The makings of Goode’s eventual fortune began with a radical experiment in Manhattan nightlife. In the early ’80s Goode and some friends started throwing illegal dance parties at a space they’d found in Lower Manhattan. The venture proved so popular that he and his partners—his brother Chris and close friends Shawn Hausman and Darius Azari—were offered financial backing for a legitimate nightspot. They signed a lease on a cavernous space in Tribeca, which at the time was a scantly populated industrial neighborhood in Lower Manhattan, gave it a forgettable name—Area—and then got to work on their massively ambitious vision. When the club opened in 1983, it immediately became the hottest ticket in town, famed as much for the indulgences of its clientele as for Goode and his team’s epic, immersive, heavily art-directed and constantly changing themes.

Not surprisingly, being tasked with reimagining a massive and massively popular club every couple of months with a team of strong-willed creative partners wasn’t always a smooth ride. “We spent years intensely arguing and intensely being creative and intensely enjoying the experience of this thing that we created, but it was a burnout at the end,” Goode says. “When we decided to dissolve the club after those brief three or four years, it felt like an eternity.”

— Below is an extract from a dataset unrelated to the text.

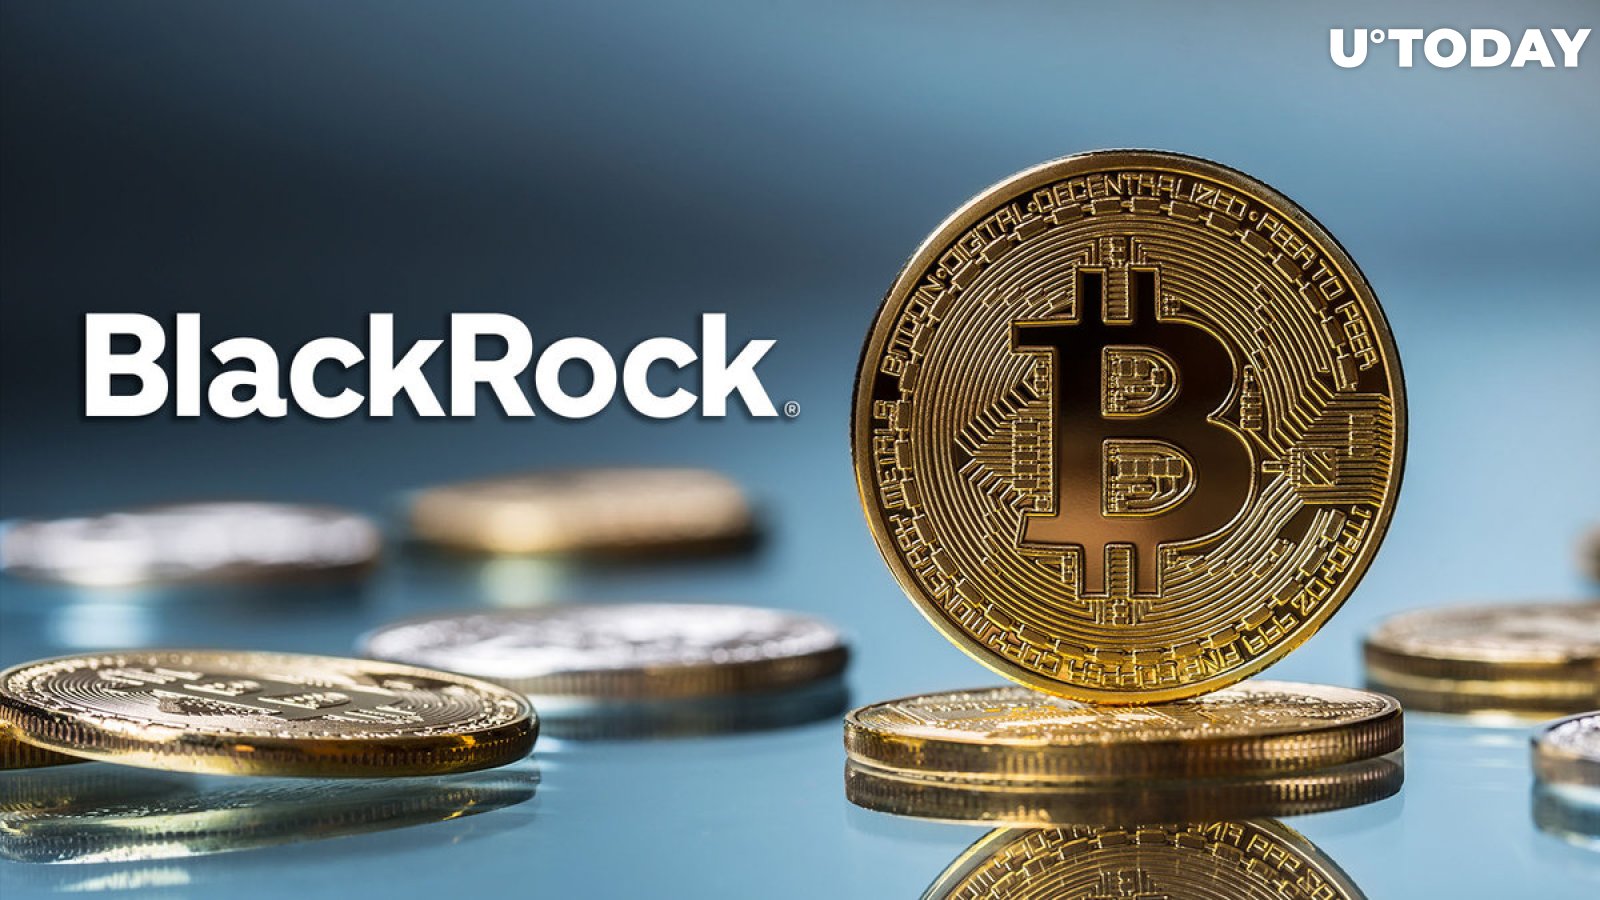 BlackRock's Updated Bitcoin (BTC) Holdings Uncovered, Hold on Tight

The ’90s marked a distinct change of direction for Goode, as he began a successful run in the hospitality business with a number of restaurants and hotels, including the Bowery, the Jane, the Maritime and the Ludlow. At the same time he began devoting substantial time and personal resources to his lifelong passion for conservation, specifically the underpublicized world of endangered turtles and tortoises. Teaming up with Bronx Zoo’s Wildlife Conservation Society, Goode traveled the world—Asia, Africa, South and Central America—in an effort to identify and preserve endangered chelonian species, educate local populations on their importance and encourage local government participation.

“I just think it would be cool if more people got into conservation, whether they’re into protecting butterflies or birds or crocodiles,” says Goode. “If everyone started getting together and recognizing that these species need to be here, and that we should protect them even if just for selfish reasons. It sounds like a cliché but it’s true, you know—everything is interconnected.”

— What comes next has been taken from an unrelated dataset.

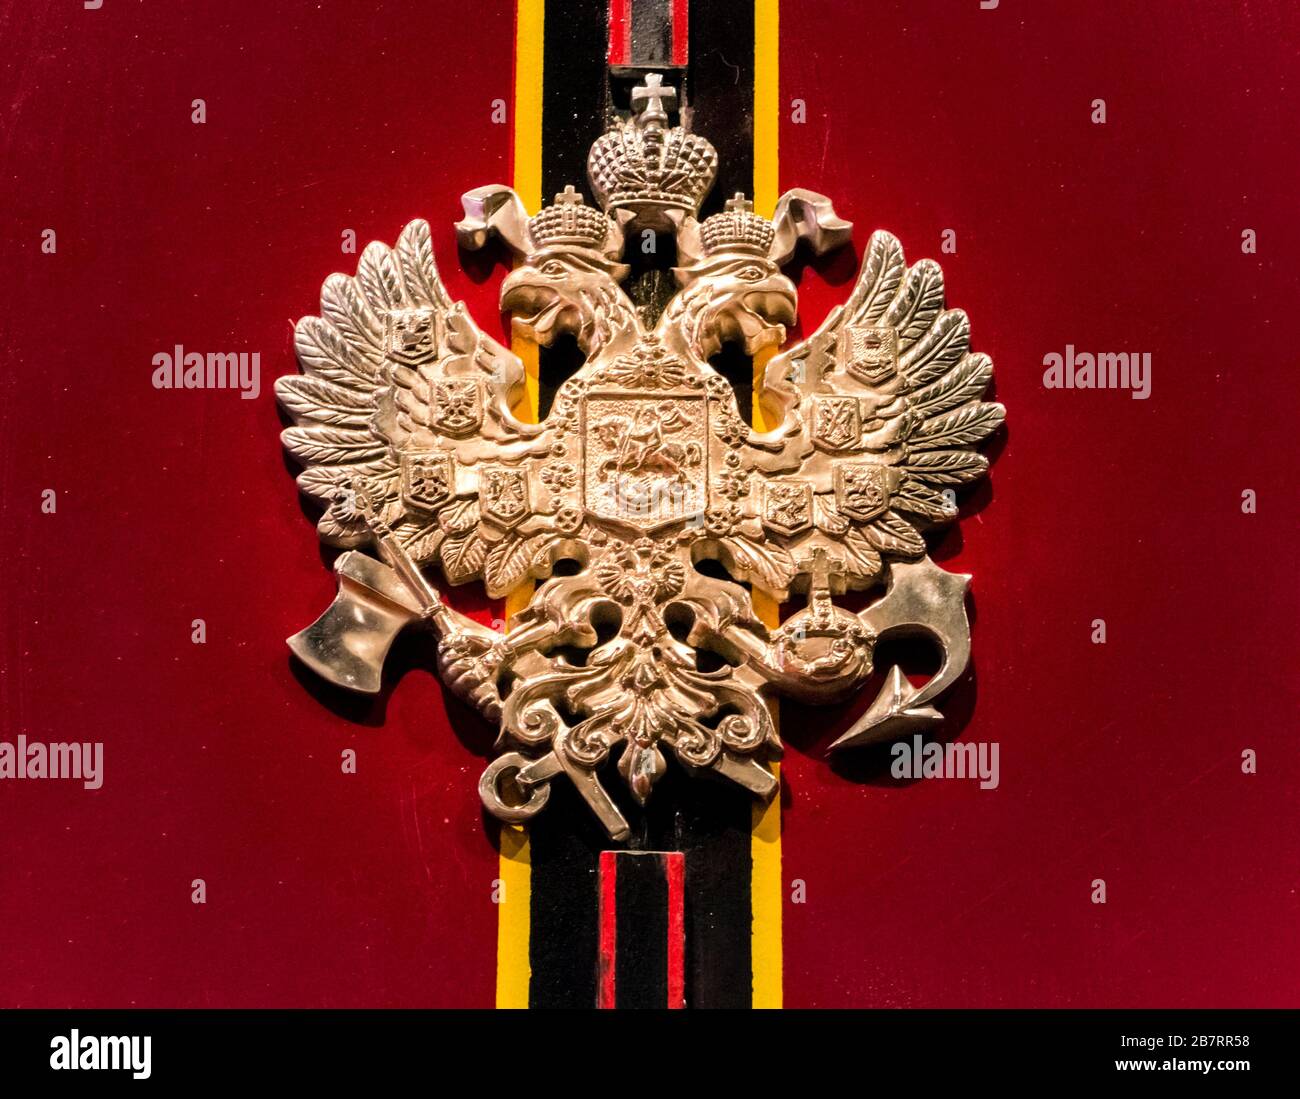 Premium Photo  Flag and the coat of arms of russia background for

In 2005, Goode agreed to an offer from the Bronx Zoo to shelter and care for more than 200 rare and endangered tortoises that were being evicted from their facility in Georgia at his home near Ojai, California. That led to his forming of the Turtle Conservancy, which publishes a magazine and hosts conferences annually for the world’s top conservationists, who in turn sit on the foundation’s board.

“Sometimes I wake up thinking, hell, I’m so crazy!” Goode says with a laugh. “I mean, we even do this Turtle Ball once a year. I’m bringing people together for a cause that a lot of people find peculiar, which I understand. But it’s important.”

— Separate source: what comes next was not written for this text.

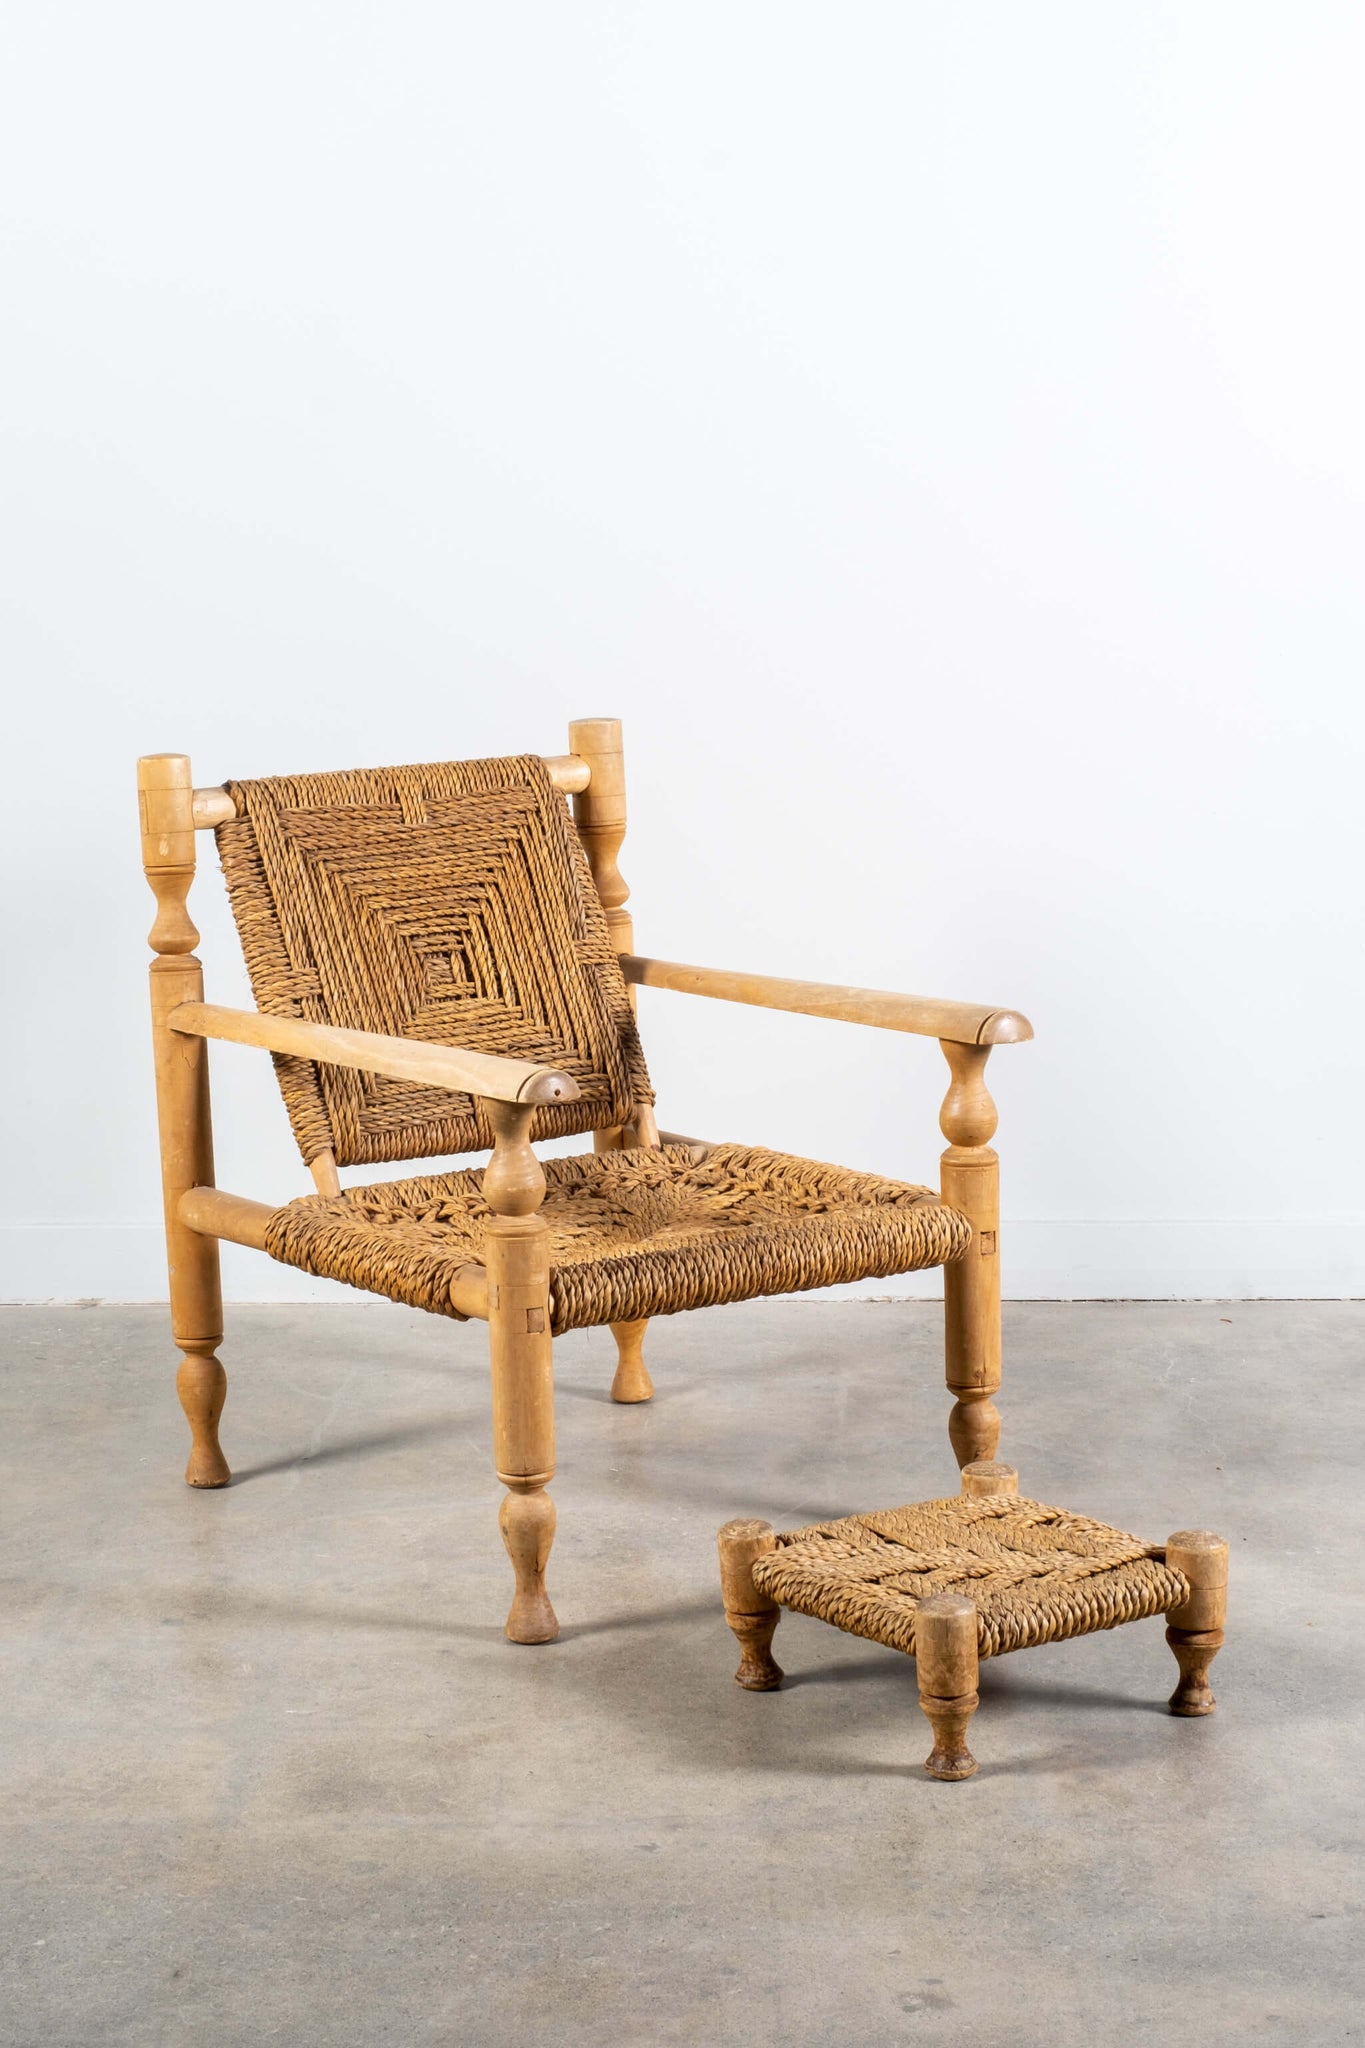 Vintage French Wood and Rope Armchairs with Footstools Adrien Audoux and Frida Minet, front angled view

At one point Goode pauses midsentence during our interview with an observation: “As I’m talking to you right now, I’m looking at a hummingbird perched in an orange tree. As I sit here I’ve been watching it fly around. As a child, I loved seeing wildlife around me—the horned lizards, the hummingbirds, the rattlesnakes. I always found something amazing and incredible in each of these different animals. To me they’re really the art that adorns the planet.”